Accepting the the Cecil B. de Mille Award at the Golden Globes, Jane Fonda made an heartfelt plea for Hollywood to ramp up its push toward diversity both on and off screen. (Watch the full speech above.)
She reeled off the titles of several recent films that had “deepened my empathy,” before turning her focus to the entertainment industry. “Stories really can change people,” she said. “But there’s a story we’ve been afraid to see and hear about ourselves in this industry. A story about which voices we respect and elevate and which we tune out. A story about who is offered a seat at the table and who is kept out of the rooms where decisions are made.”

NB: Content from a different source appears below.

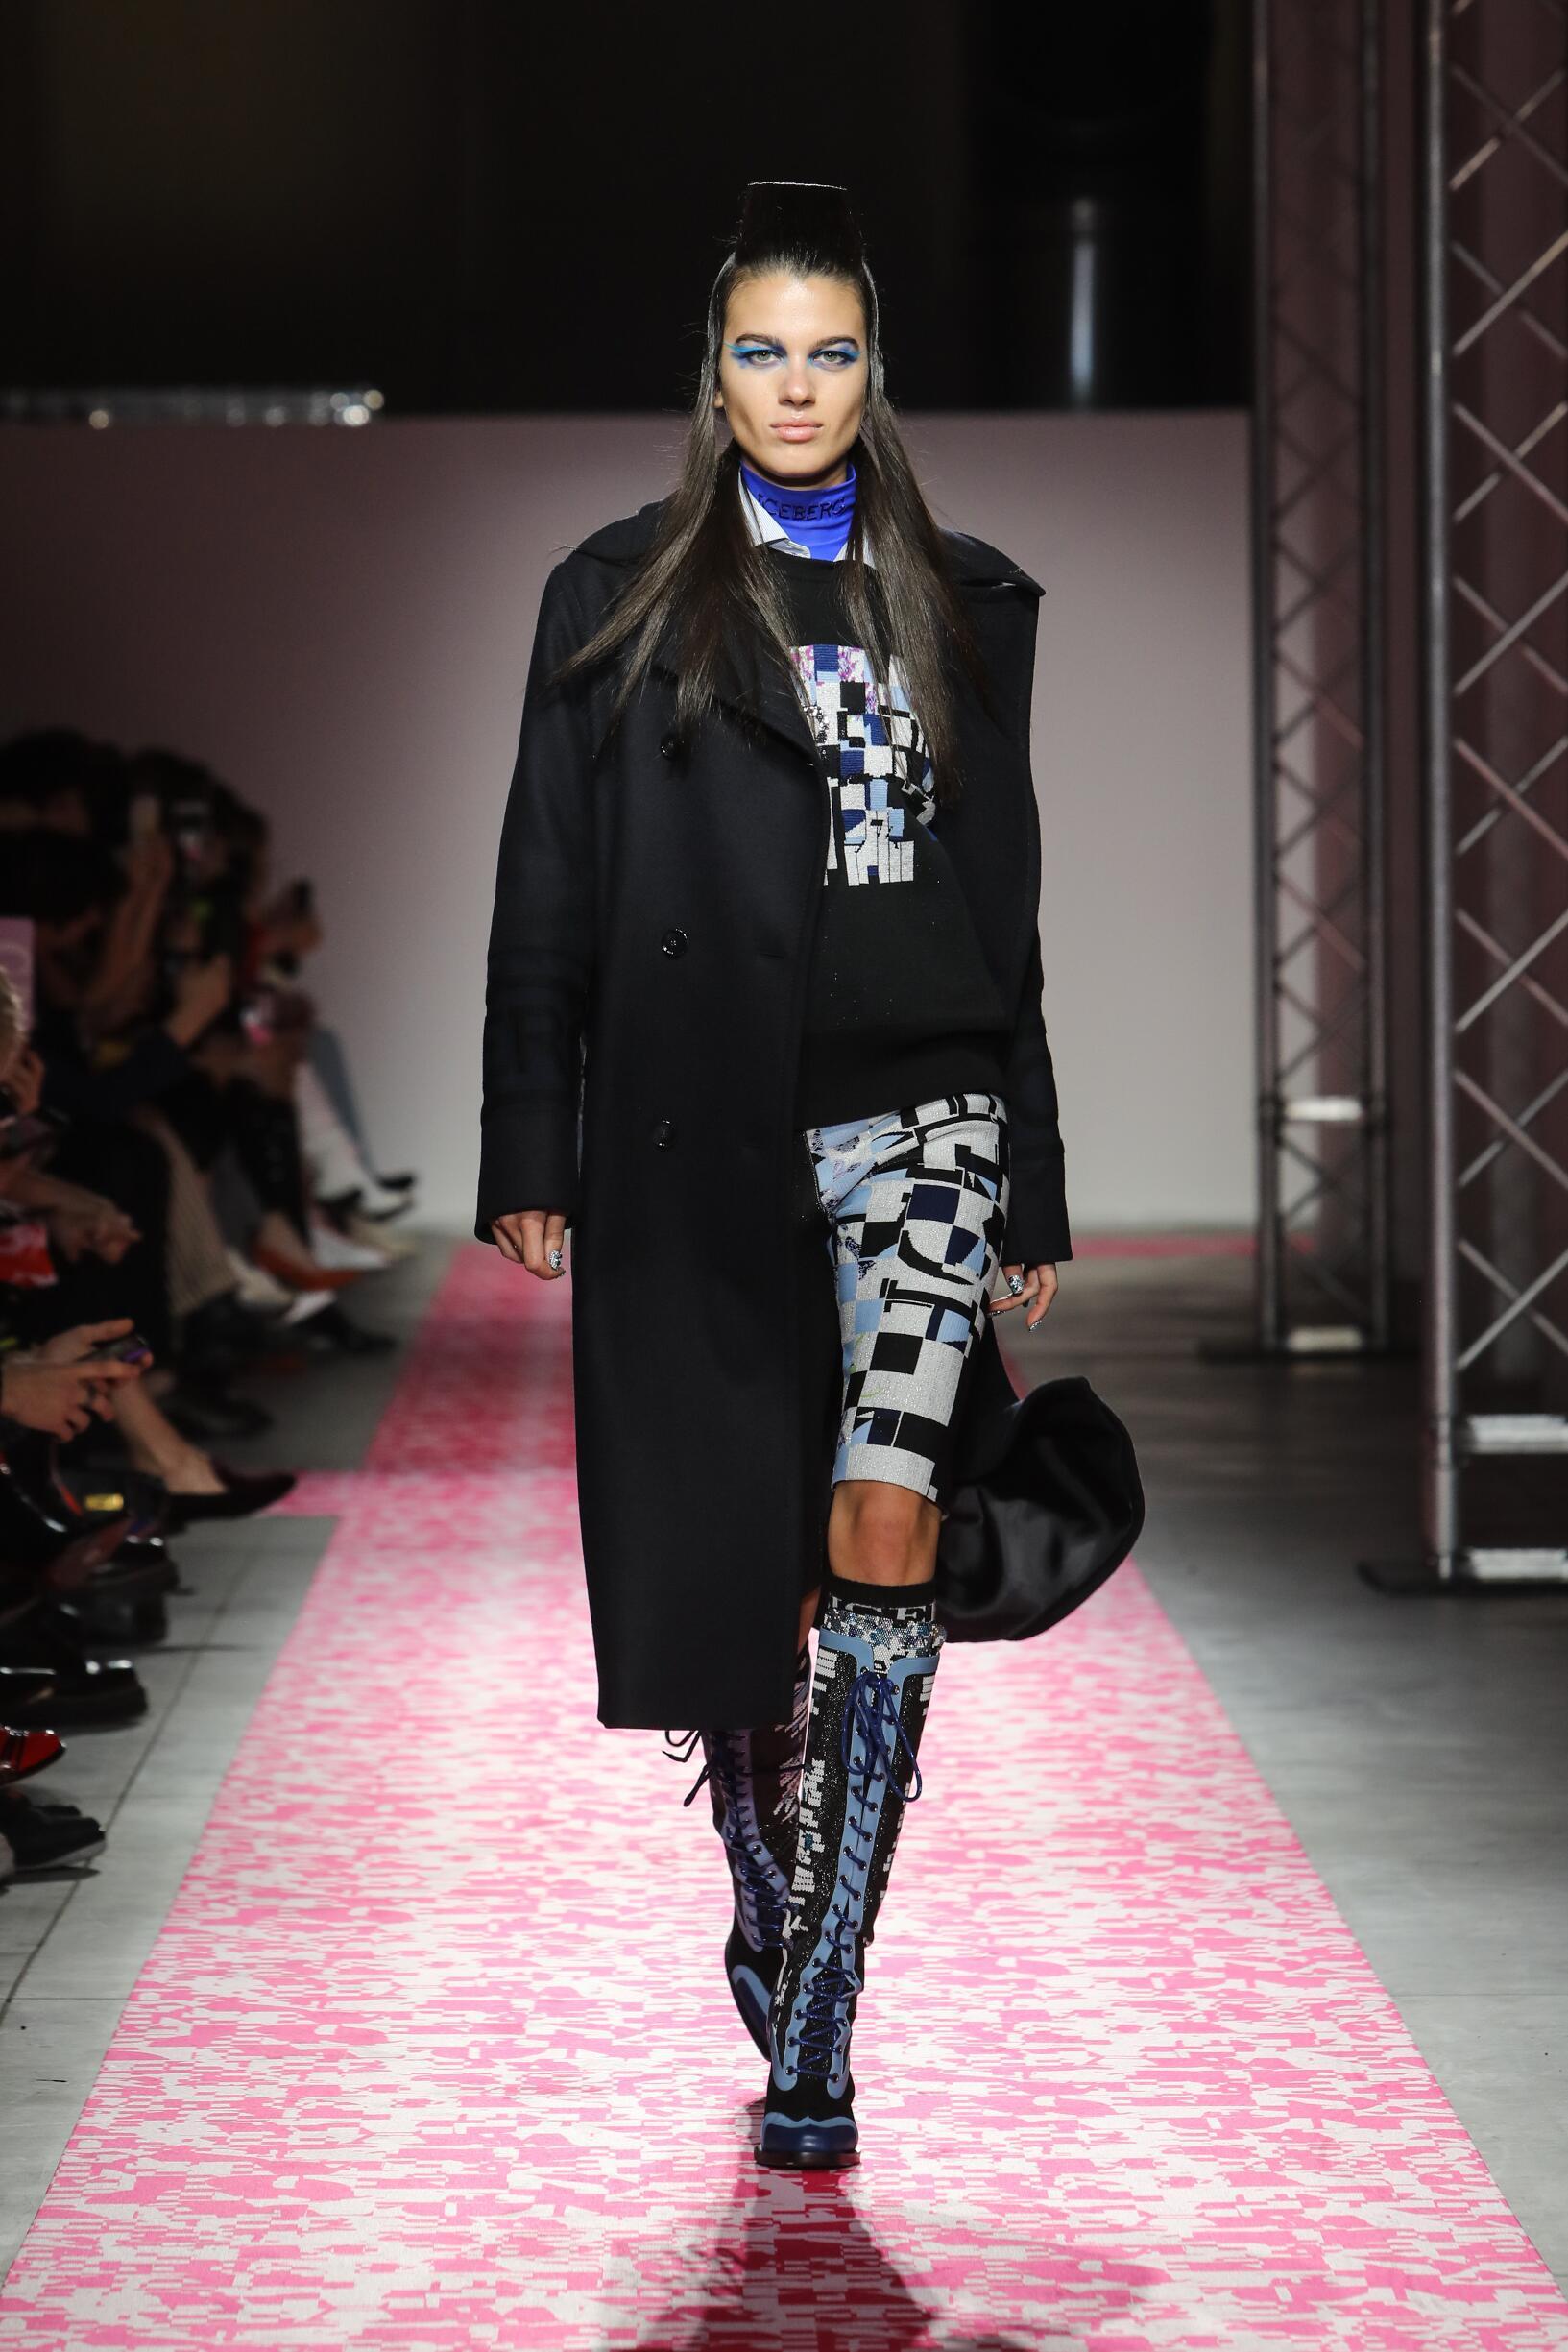 FW 2019-20 Fashion Show Iceberg

Fonda continued, “Let’s all of us — including all the groups who decide who gets hired and what gets made and who wins awards — let’s all of us make an effort to expand that tent, so that everyone rises and everyone’s story has a chance to be seen and heard.”

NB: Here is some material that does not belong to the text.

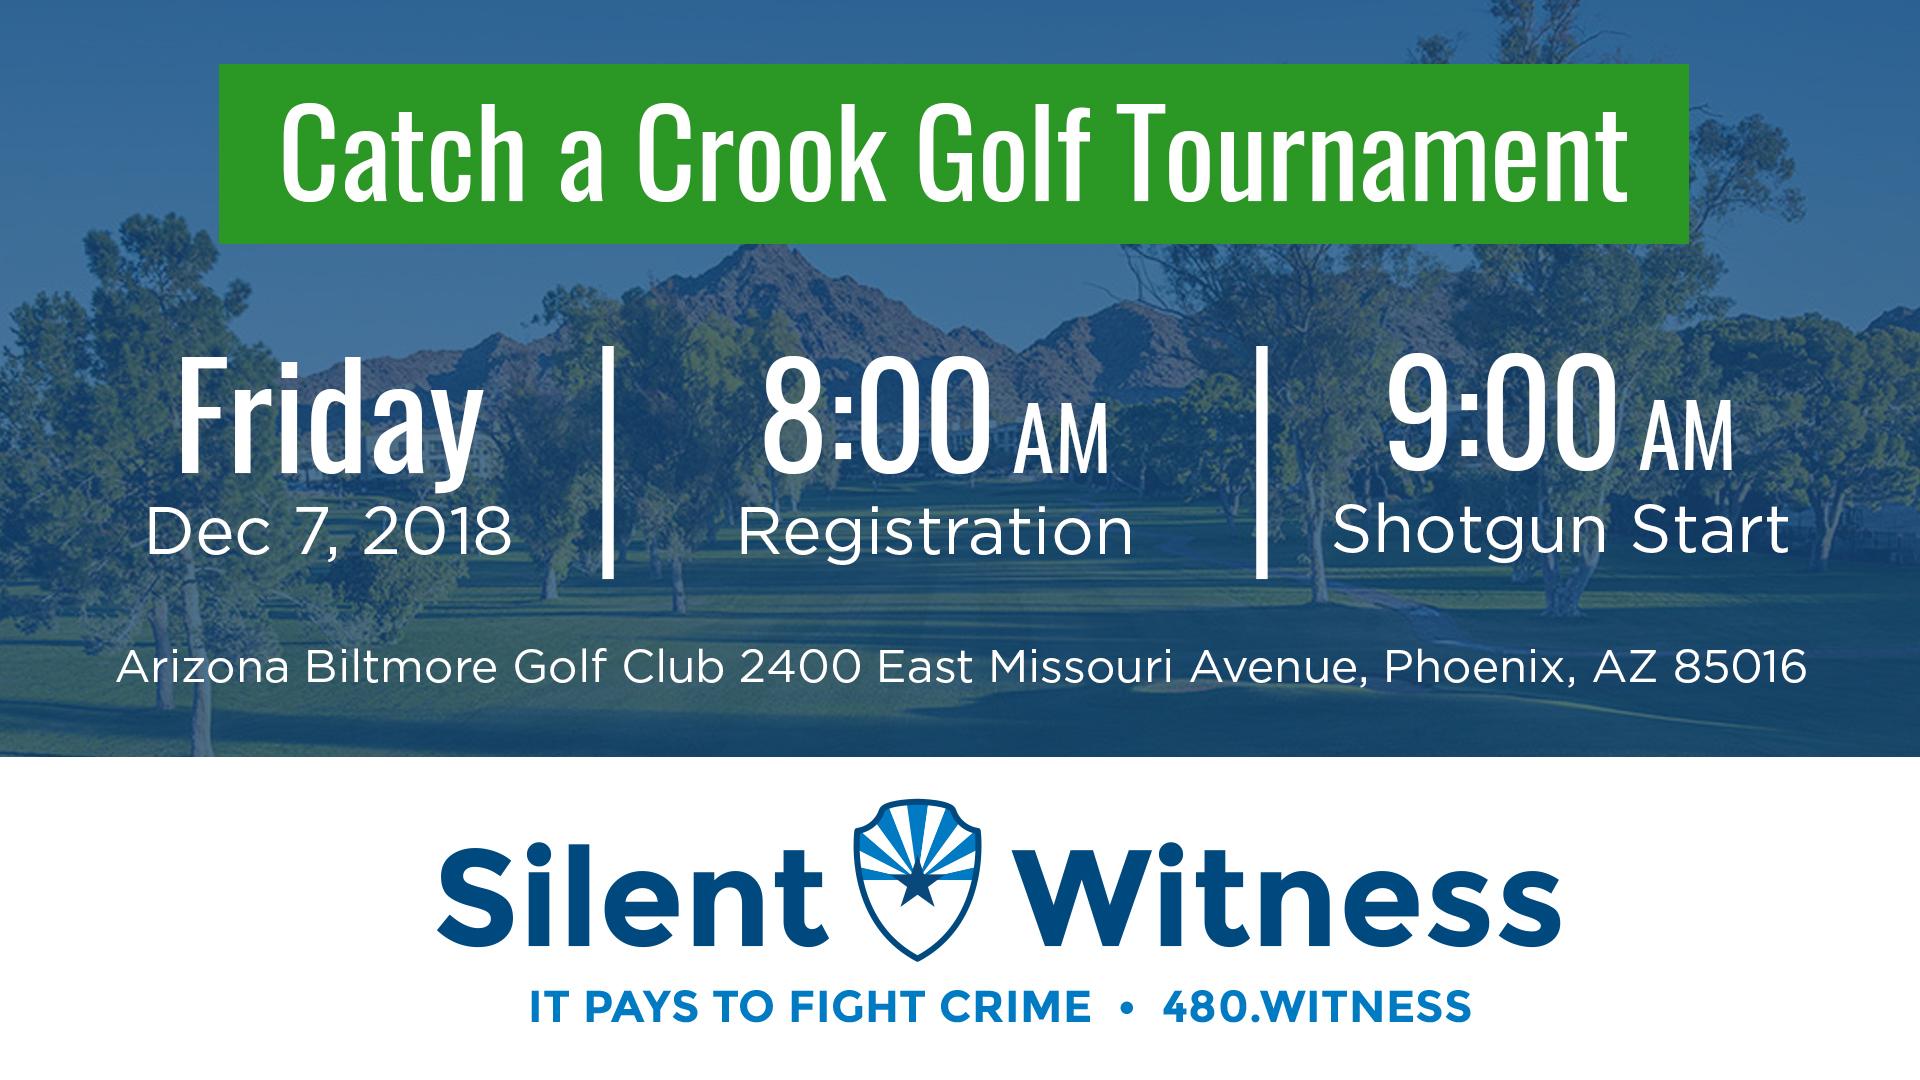 Catch a Crook Golf Tournament Info

As an eight-time Golden Globe winner (and 15-time nominee), Fonda began her speech with a heartfelt thank-you to the Hollywood Foreign Press Association. Apart from a glancing reference to awards organizations during her call for inclusiveness, she did not make any mention of the HFPA’s high-profile struggle to retain its foothold in awards season. After an investigative report in the LA Times raised oft-mounted critiques of the group’s ethics, a number of industry figures also blasted the group for not having a single Black member, a fact that members acknowledged onstage earlier in the NBC telecast.
Fonda’s speech represented a departure from those given by many De Mille recipients, who tend to reflect on specific collaborations with filmmakers or actors or others in the business. Fonda, for one thing, was far more brief, speaking for barely three-and-a-half minutes. Rather than going through a list of names or projects, instead focusing on larger themes, naming “all the great conduits of perception — Buddha, Muhammad, Jesus, Lao Tse — all of them spoke to us in stories and poetry and metaphor because the non-linear, non-cerebral of our art speak on a different frequency.”
The De Mille award is chosen by the HFPA Board of Directors and given annually to an individual who has made a lasting impact on the film industry.
Fonda, daughter of Hollywood legend Henry Fonda and brother of the late Easy Rider actor Peter Fonda, is a two-time Oscar-winning actress (1971’s Klute and 1978’s Coming Home), producer, author, activist and fitness guru.
A co-star of long-running Netflix comedy Grace and Frankie, Fonda is also set to voice a lead role in Skydance Animation’s upcoming feature, Luck. Her most recent film, Book Club, was released in 2018, and HBO the same year aired the Emmy-nominated documentary Jane Fonda in Five Acts, which depicts her life and activism. A longtime social activist and fundraiser, Fonda currently leads Fire Drill Fridays, a national movement to raise public awareness of the urgency of the climate crisis. Her latest book, What Can I Do? My Path From Climate Despair to Action, was released last fall by Penguin Press.